Originally Posted by Mark Moyer
I assume we're ignoring daylight savings time. But the Sun is not actually overhead (or as close to overhead as it gets at your location -- i.e., at the meridian) at noon and underfoot at midnight. Because the Earth follows an elliptical path, from the Sun's viewpoint the Earth is moving faster (in angular speed) at some times of the year and slower at others. That means the time when the Sun is overhead or underfoot is a bit off of noon and midnight (and hence will appear somewhat to the east or west).

But I think for purposes of a quiz for the general public it is safe to ignore this sort of thing. For those appreciably north of 23.5 degree latitude, the Sun would lie to the south at noon and to the north at midnight. I assume that was the answer you were looking for?
Yes! Ignoring daylight savings. (I'd better put that in the set up for the question). I think the equation of time is a deep subject that touches on so many aspects of physical astronomy that it deserves its own quiz.

Yes, that was the intended "general population" answer... I am in the northern hemisphere so I would see the Sun in the south at noon, north at midnight.

Thank you for the feedback Mark!
Last edited by StarInAStar; 02-14-2018 at 10:44 PM.

8. ## Re: Physical Astronomy Quiz - Which direction is the Sun at midnight?

Originally Posted by StarInAStar
Ah! Are you talking about the Equation of Time: the Sun does not actually reach zenith at clock noon every day? I had not really accounted for that level of analysis - but this strikes me as a nice entry point to that complex subject.
Correct. The Sun will reach the zenith at the mid point of the length of day, not by the clock. So if you have a 10 hour day or a 14 hour day. The Sun will be at the the zenith after 5 hours or 7 hours respectively.

In the southern hemisphere this was pretty important back in the day when trying to use an equatorial telescope. Because we have no bright pole star the only way you could get a decent south celestial bearing was to hammer a stick in the ground. Find out the time of the Sun reaches the meridian and then measure the direction of the shadow being cast.

You can use the same trick for observing Venus in daylight. Find what time Venus crosses the Meridian. Look due south or North (depending on the hemisphere) and you cant help but see it

9. ## The Following User Says Thank You to MG1692 For This Useful Post:

StarInAStar (02-14-2018)

10. ## Re: Physical Astronomy Quiz - Which direction is the Sun at midnight?

Originally Posted by MG1692
You can use the same trick for observing Venus in daylight. Find what time Venus crosses the Meridian. Look due south or North (depending on the hemisphere) and you cant help but see it
Now that is a cool trick I have to try!

11. ## Re: Physical Astronomy Quiz - Which direction is the Sun at midnight?

Originally Posted by yobbo89
I used a computer to show me where the sun is.
yobbo89! I followed your lead here and fired up stellarium (a real gift to humanity) and placed myself at the equator and ran through some simulations jumping time by day and week.

I have to agree that the question as posed is not quite "practical." The goal is to stir the imagination and provide a thinking platform for the gross physical motions. I think the motions and positions of sky objects at the equator and in the polar circles is not really suitable subject matter for a "general population" question.

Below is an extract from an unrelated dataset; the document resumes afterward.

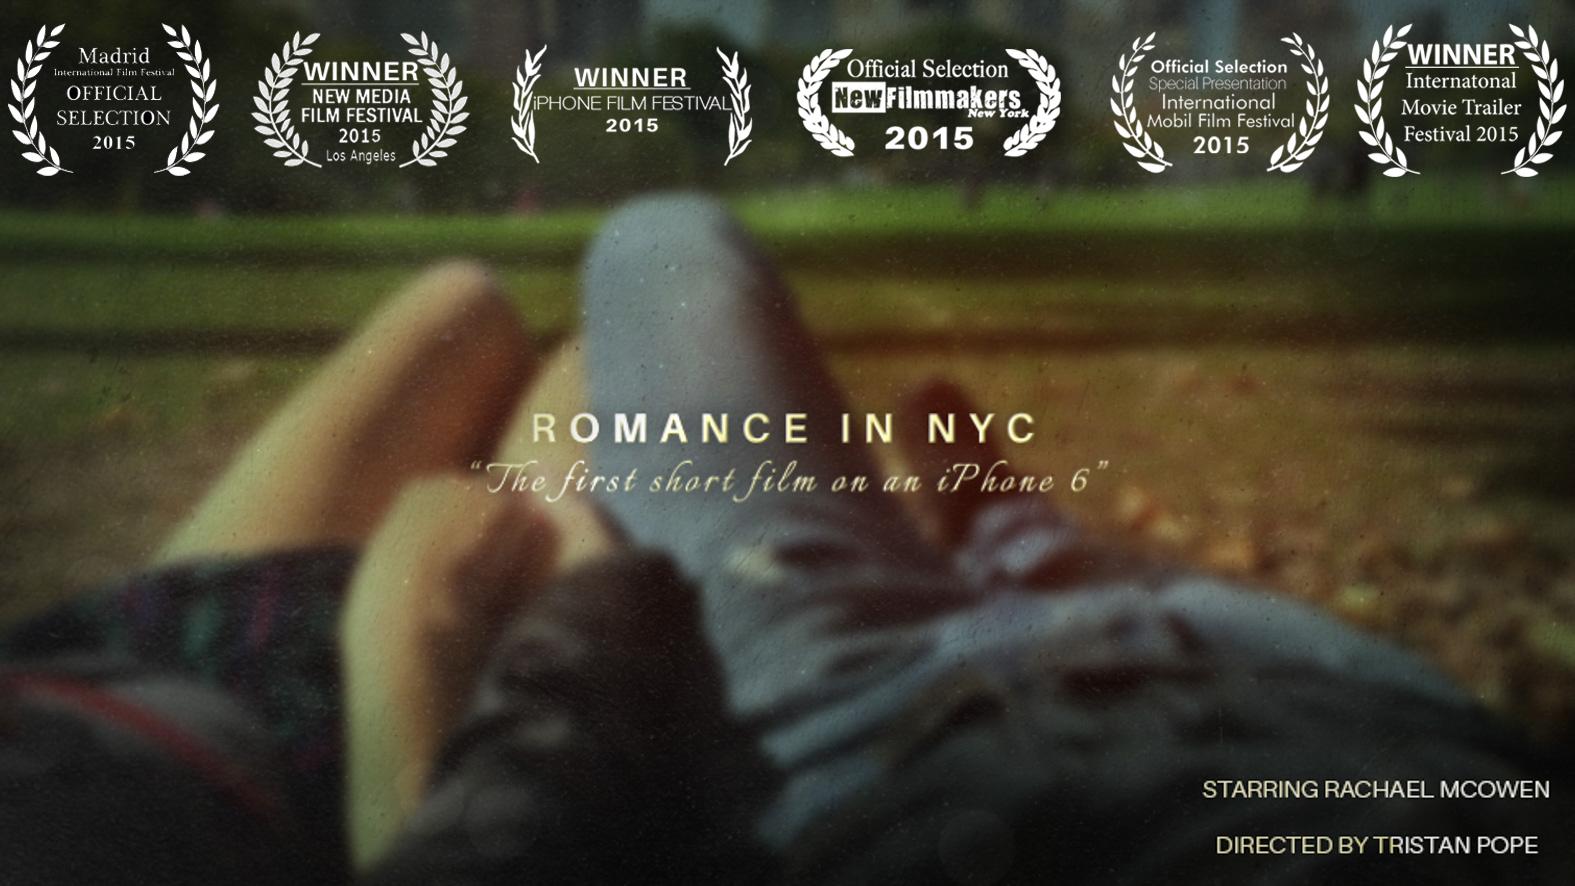 RomanceInNYC_Laurels6
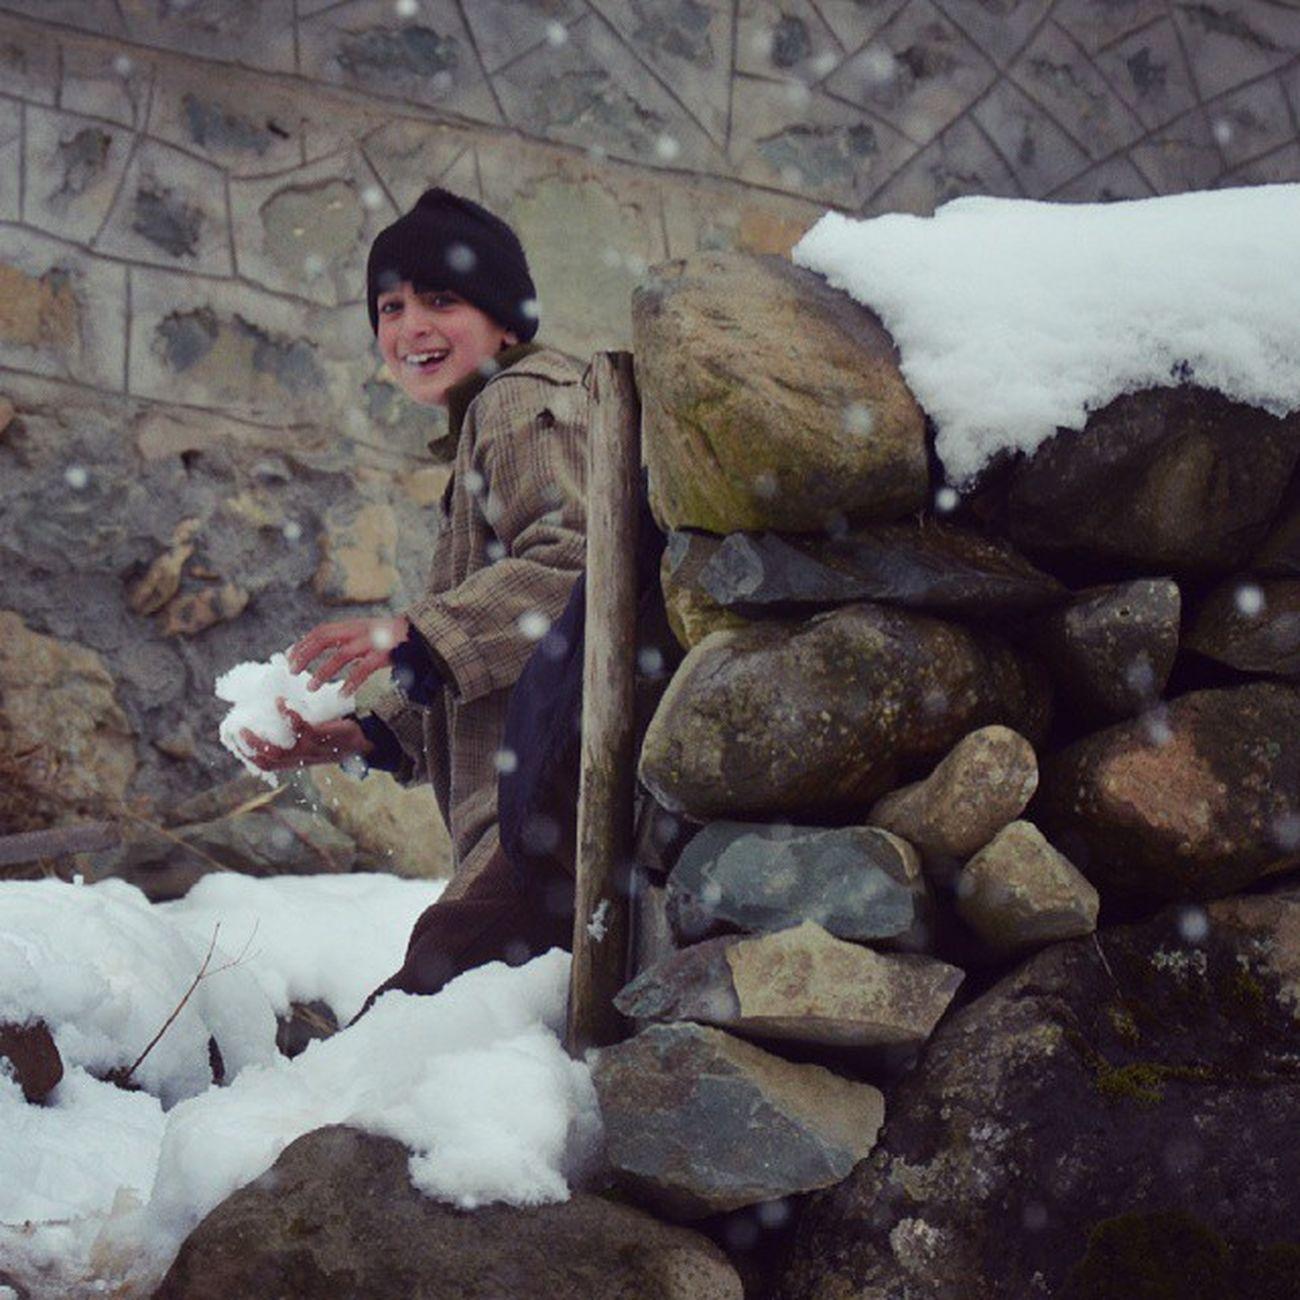 Snowfight SheenEjung MilitaryTactics Cover Bunker Target CameraWoulLadke Kasheer Kashmir KashmirTalks IExplore IExploreKashmir IPhotographKashmir Itravel Iphotograph Iclick IAmRevo IAmKashmir Revoshotsphotography Revoshots Rebel Revo Freedom Happiness

Those interesting wobbles at the equator however, are good thought provoking stuff for an advancing astronomer at the high school or college level.

Here is my reconstructed question based on everyone's feedback (the detail is overwhelming the question so I am looking for a way to trim it out):

Let's assume that your location on the Earth is somewhere between the Tropics and the Arctic/Antarctic circles (Tropic of Cancer to Arctic circle/Tropic of Capricorn to Antarctic Circle). From where you are now if - at the exact moment the night is half over - you could view the Sun through the Earth, which cardinal direction would you be facing? East, West, North, or South?

The phrasing seems awkward... does anyone have any suggestions for tightening that up?

Thank you everyone!
Last edited by StarInAStar; 02-15-2018 at 02:03 AM.